Scott H.: And you're just saying that flat. But the reality is that industry has changed so dramatically over the last 20 years. There's 10% of the number of policies written today in long-term care that there was 20-some years ago. The market has shrunk. It's because the insurance companies didn't know how to handle that.
Pat: Yeah. If I got you a quote for a policy, you would just say, "Okay, great, Pat." Because it's going to be probably $700, $800 a month. So, all right, and what are the other questions?
Jill: And so, then it's better to save cash for...like, get more equity into my property, or save more cash flow so that when I need care, I have it saved up. Is that kind of what you...
Scott H.: Well, in a perfect situation, yes, you have the cash flow and assets to cover whatever expenses with it. That's a perfect situation.
Pat: The reality is most long-term care is actually provided by the state in which people live. Yeah. That's just the way it is.
Jill: Okay, thank you.
Pat: And I hear that people are like, well, there's so much worse than the private pay. My father was in both. They were both bad. So, yeah. And what were your other questions?
Jill: So, then tax strategies. So, I hear you talking about that with higher, you know, wealth-level people. I noticed that without kids, this rental property has been really good for me. I'm starting to wonder more about, as my income is increasing, so I'm probably going to get one more promotion, and I'm going to have more monthly income on a W-2 really tough tax situation for me. My rental property has been good.
Pat: Put more money in your 457. It does exactly the same thing for you. The problem is, you're at the highest risk level you should be with these two properties.
Scott H.: And is your rental, is it cash flow positive after you pay taxes, insurance, and repairs?

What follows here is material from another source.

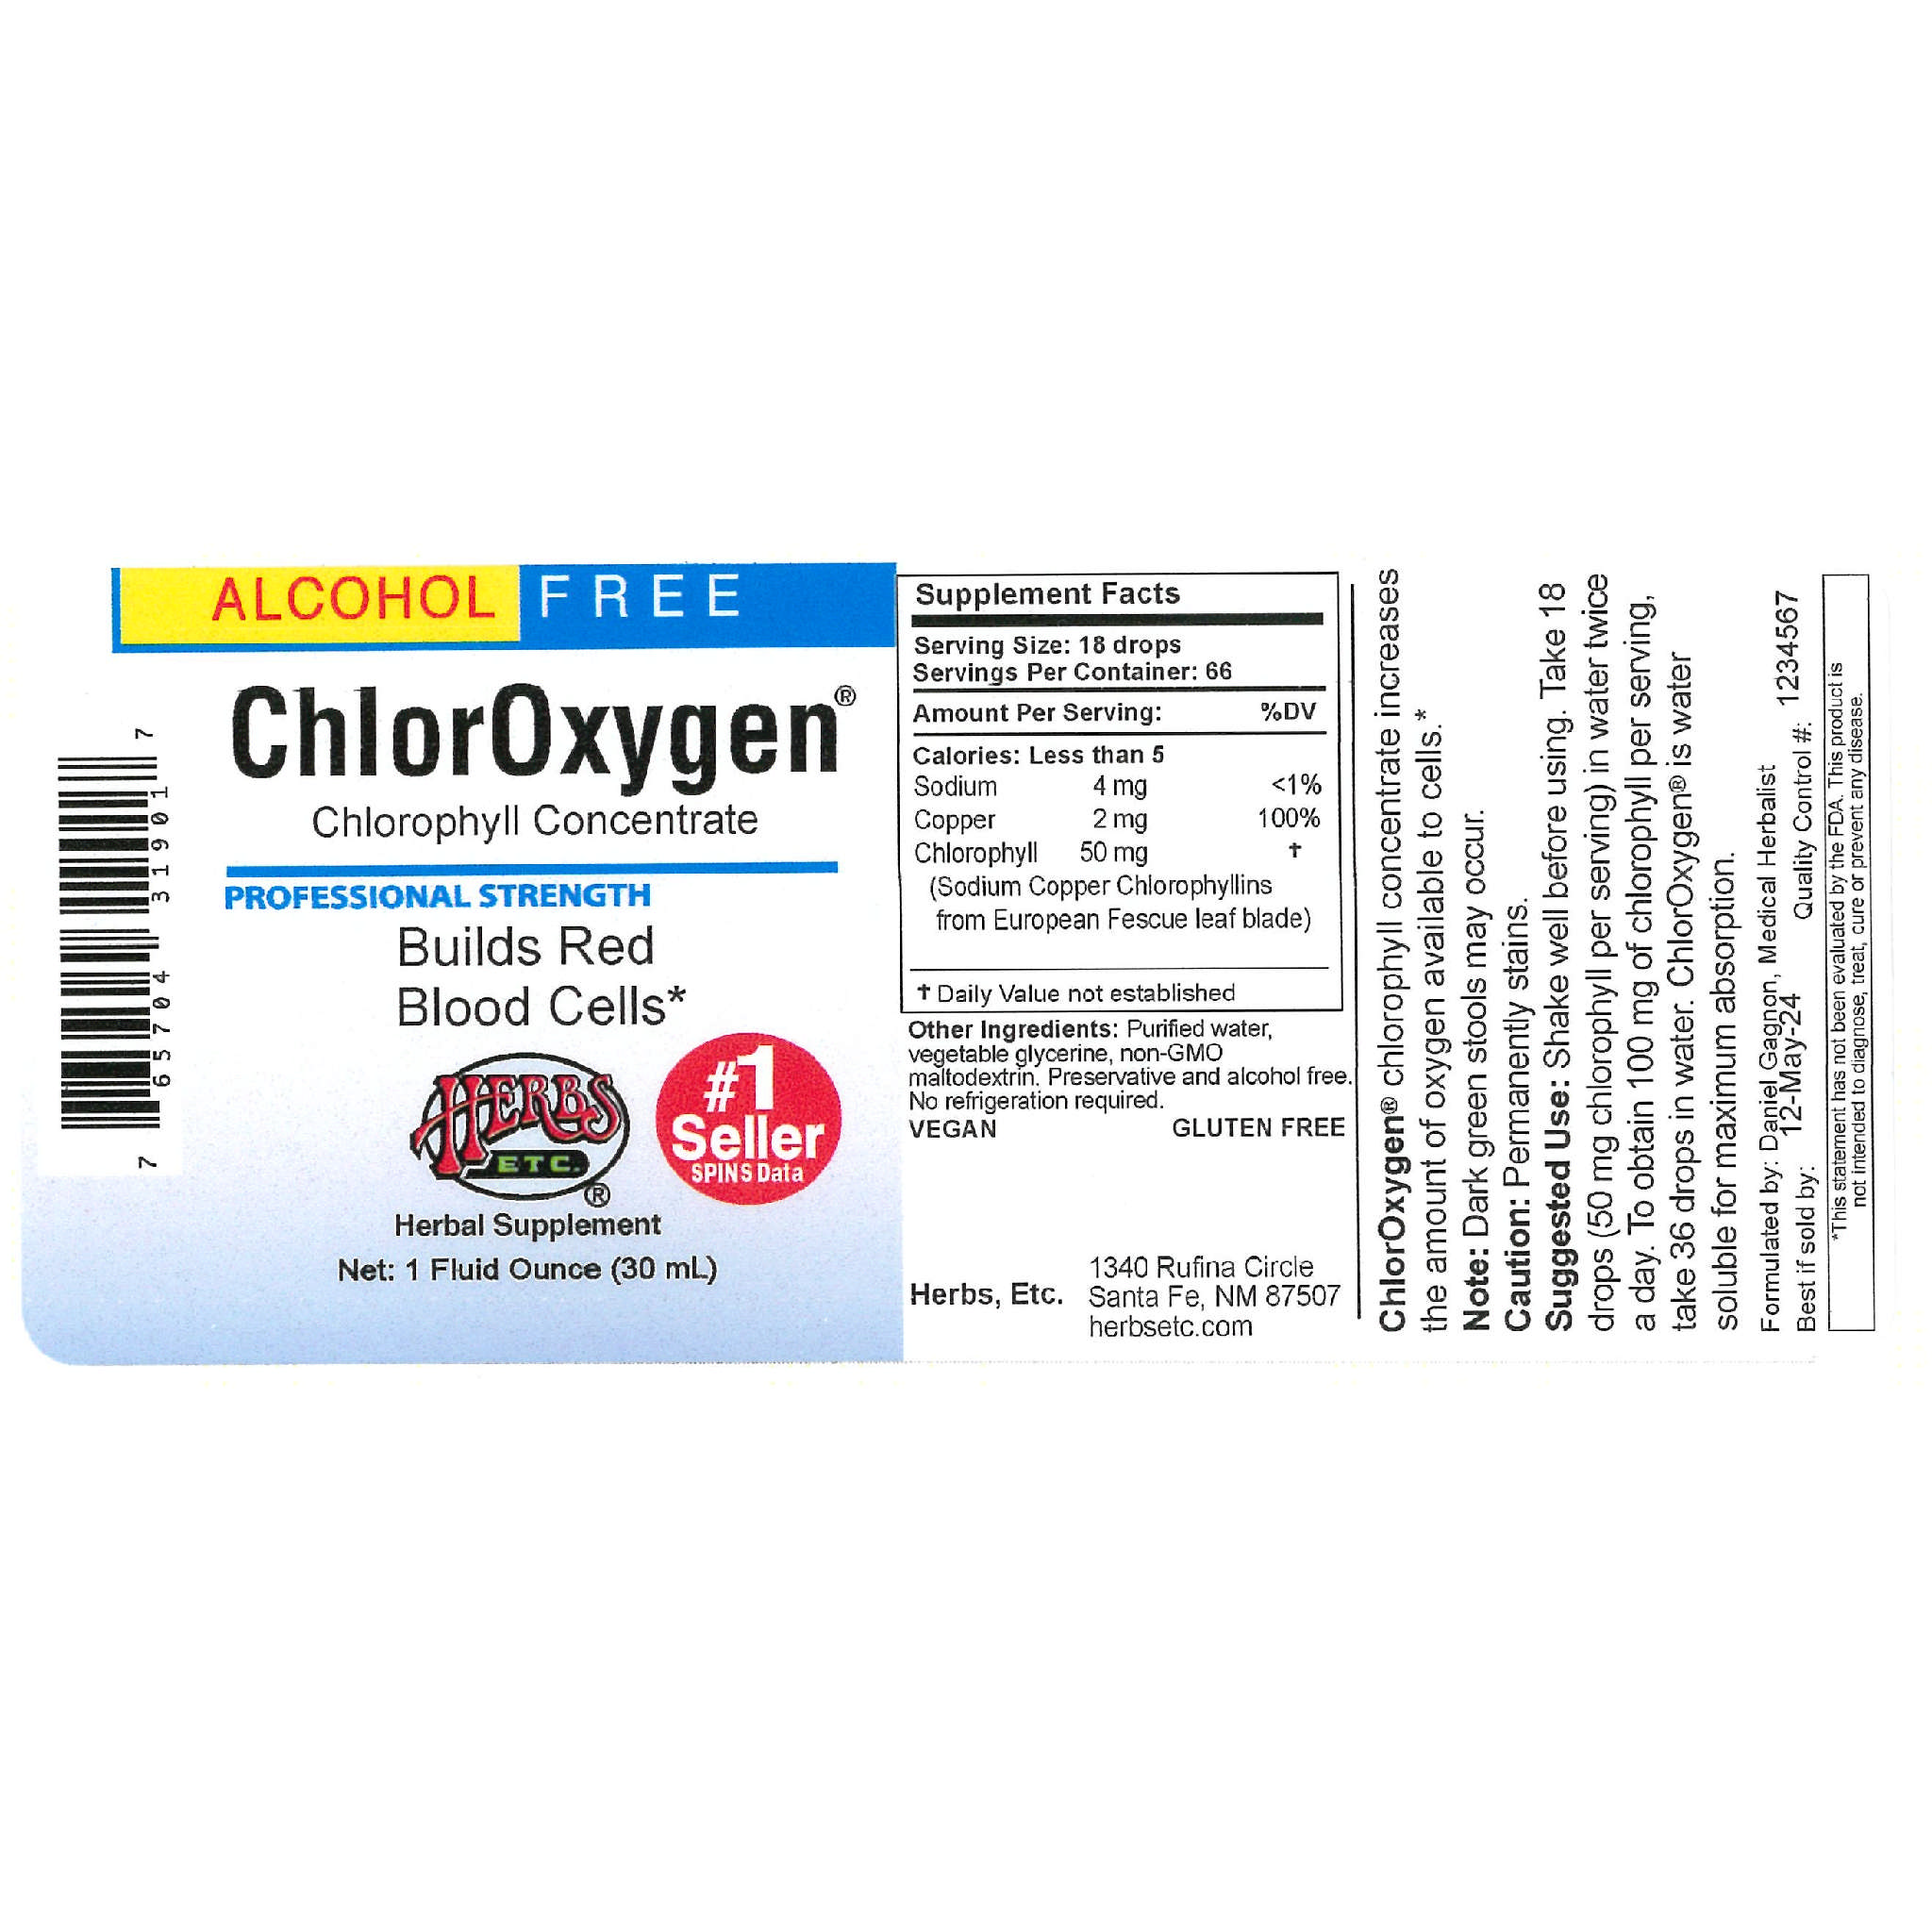 Herbs Etc - Chloroxygen A/F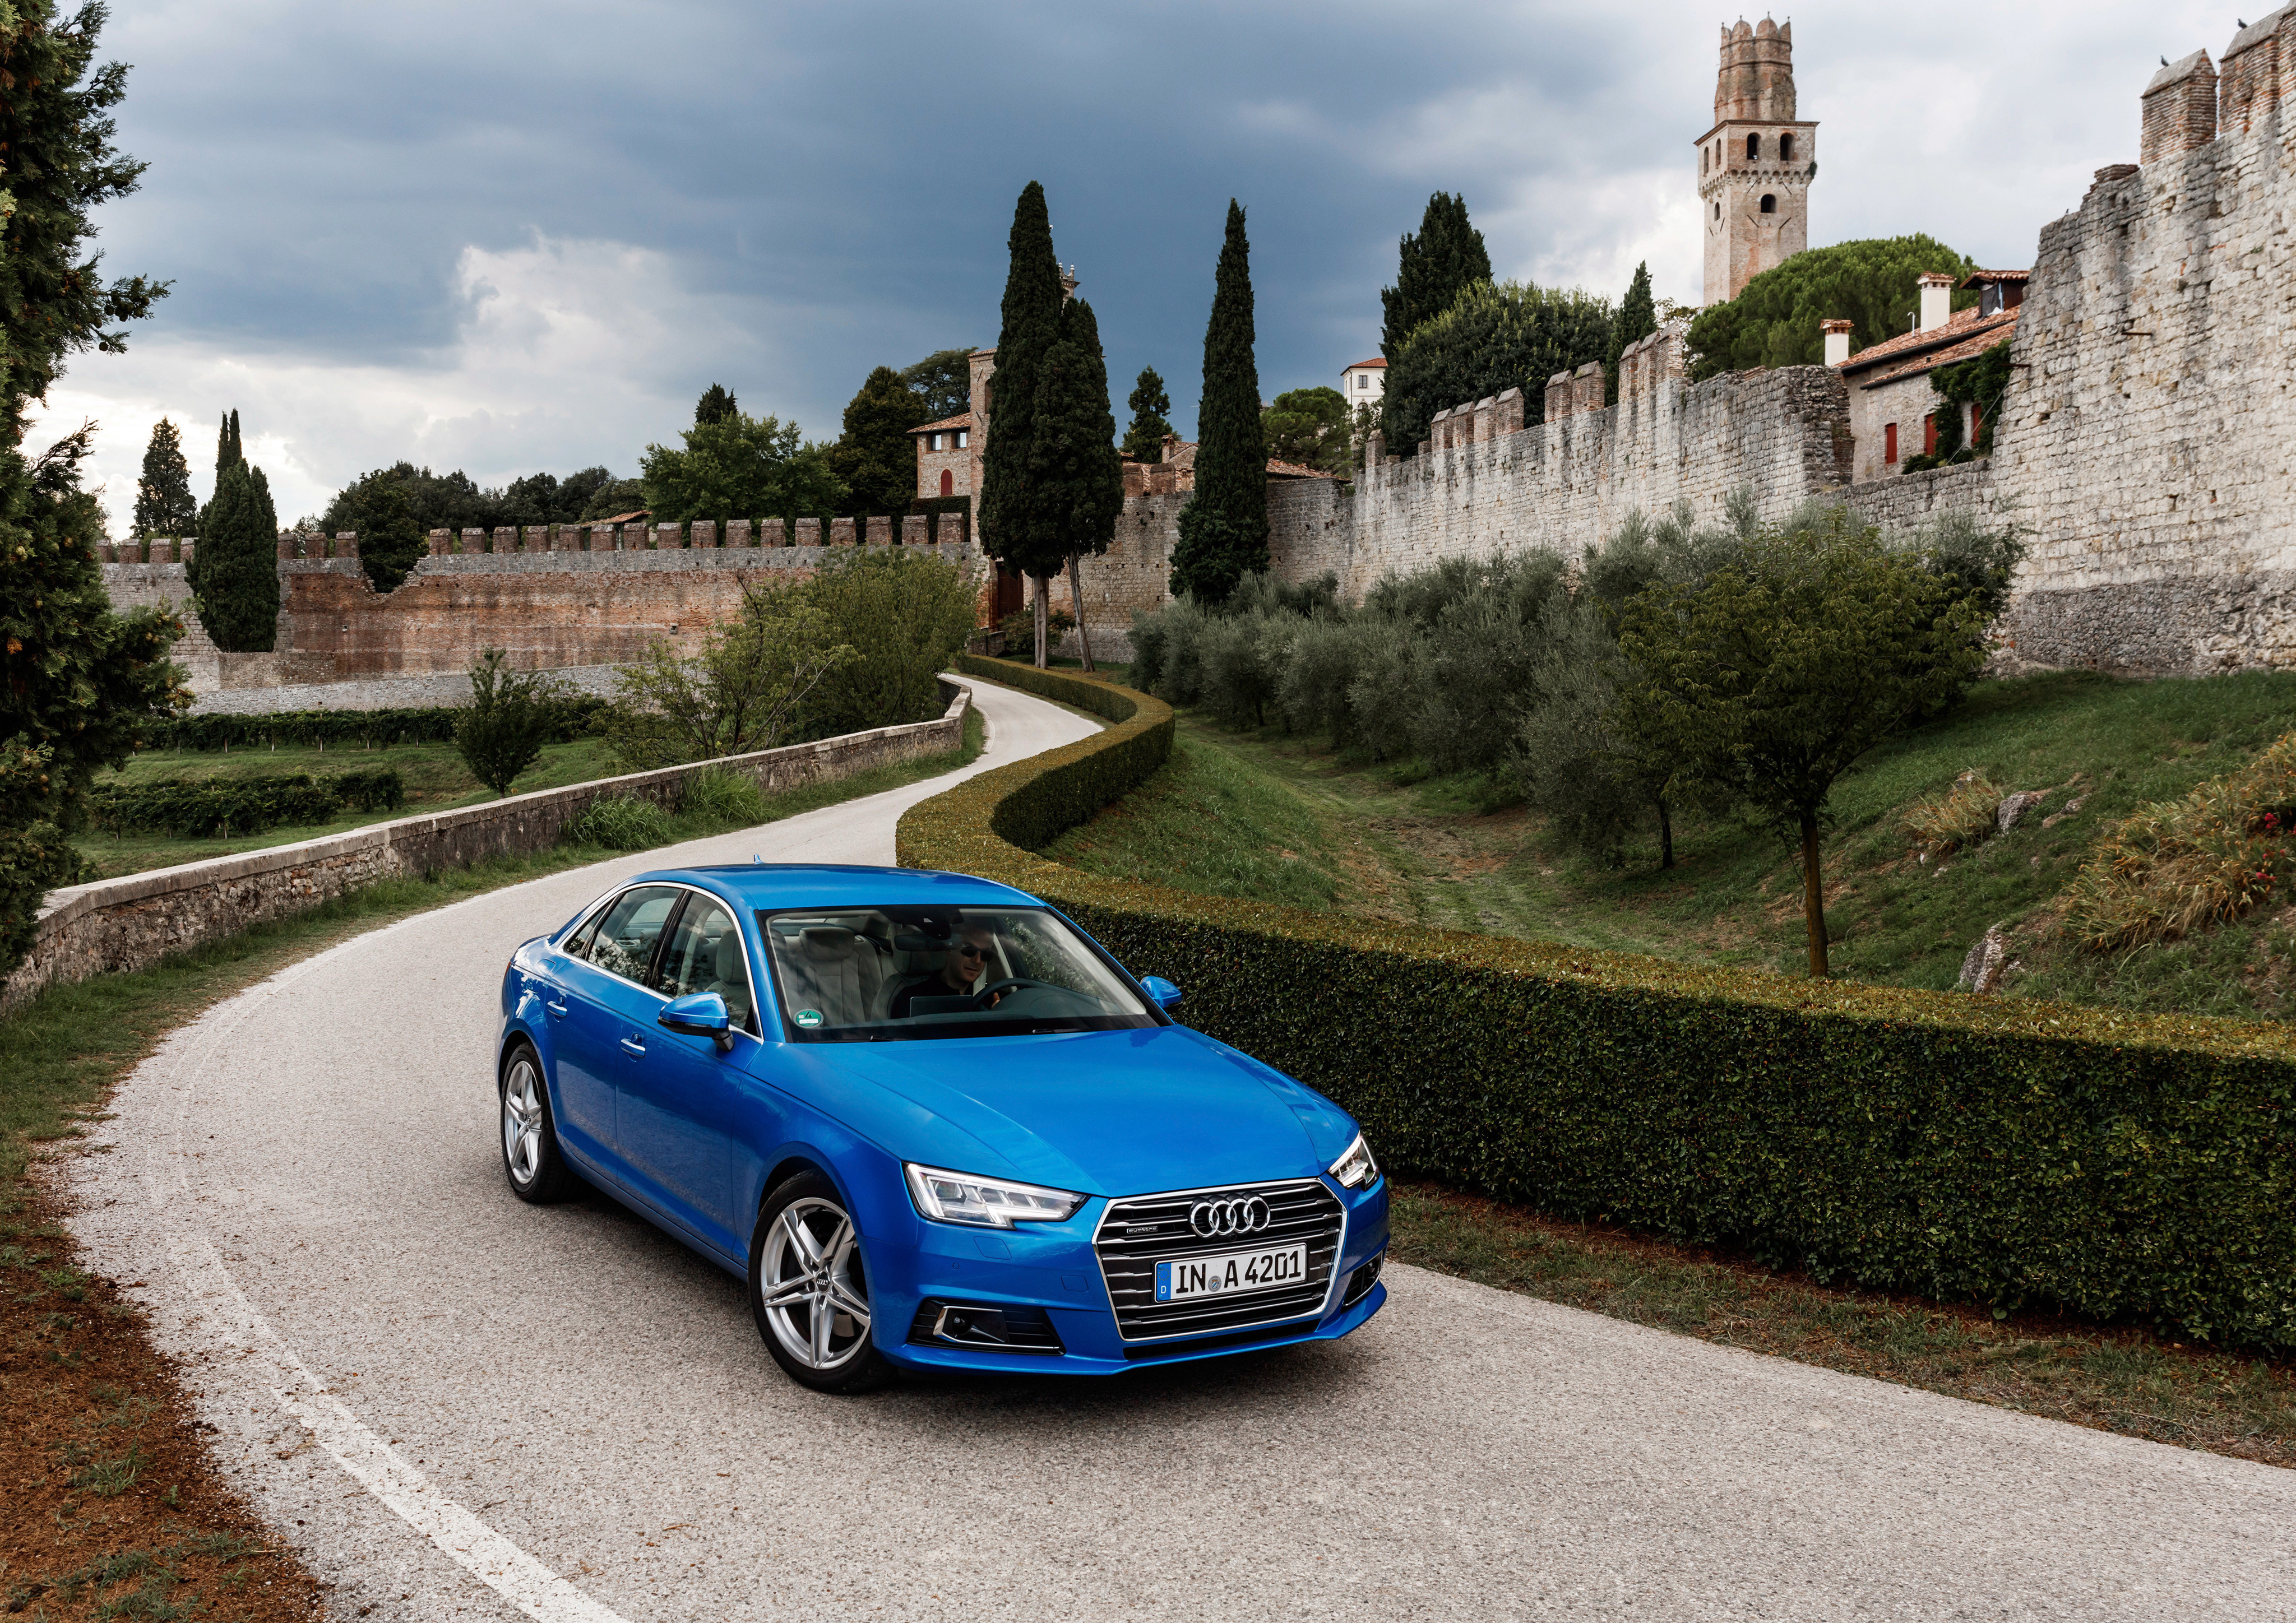 Audi A4 Audi Car Luxury Car Vehicle Blue Car 4096x2896

Jill: Yeah, just barely, though.
Scott H.: Very little.
Jill: Yeah. I'm kind of breaking even. I'm almost like, is it worth it?
Pat: You said you worked in conservation. Do you, like, walk around in the woods? Like, what do you do?
Scott H.: Can we finish her financial...?
Pat: No, this is relevant. This is relevant. And here's why it's relevant. If you were my little sister, I'd say, "Look, Jill, you walk around the woods. Where do you think you're going to retire?" Do you live in the woods now or close to the woods?
Jill: I want to I want to retire on the coast, if that's my dream.
Pat: The coast of what? Spain, Portugal, California? Because you can retire on a coast. No, truly.
Jill: Coast in California, Pacific Northwest, I prefer.
Pat: Yeah, you could probably retire... Where do you live now? In what state? California?
Jill: California.
Pat: Oh, that's right. You answered that. So, yeah, you could in a small town and in Oregon or... So, if you were sitting down with me for financial planning... And Scott's smiling at me, just kind of shaking his head a little bit. These are pertinent questions because it gives us a direction to go to. So, you've got eight years to kind of push this thing together. And you're like, "Well, what happens if the house appreciates this in here and this is the property on a coast?" And by the way, I would not discount living overseas if I were you, if you really wanted a lifestyle.
Jill: Like Spain.
Pat: Like Spain or Portugal or Ecuador or Costa Rica. I have some friends that just bought a house in Spain because they're huge golfers, and they moved into this place. Unbelievable, there's five golf courses that they could basically drive to in their golf cart. And the cost...
Scott H.: And the cost of living is a fraction of what it would be here.
Pat: Yeah. And they kept a small house here in in California, but they were able... They're like, "This is a golfers..." And he's Scottish, too. So, it's not that far back to the mother country.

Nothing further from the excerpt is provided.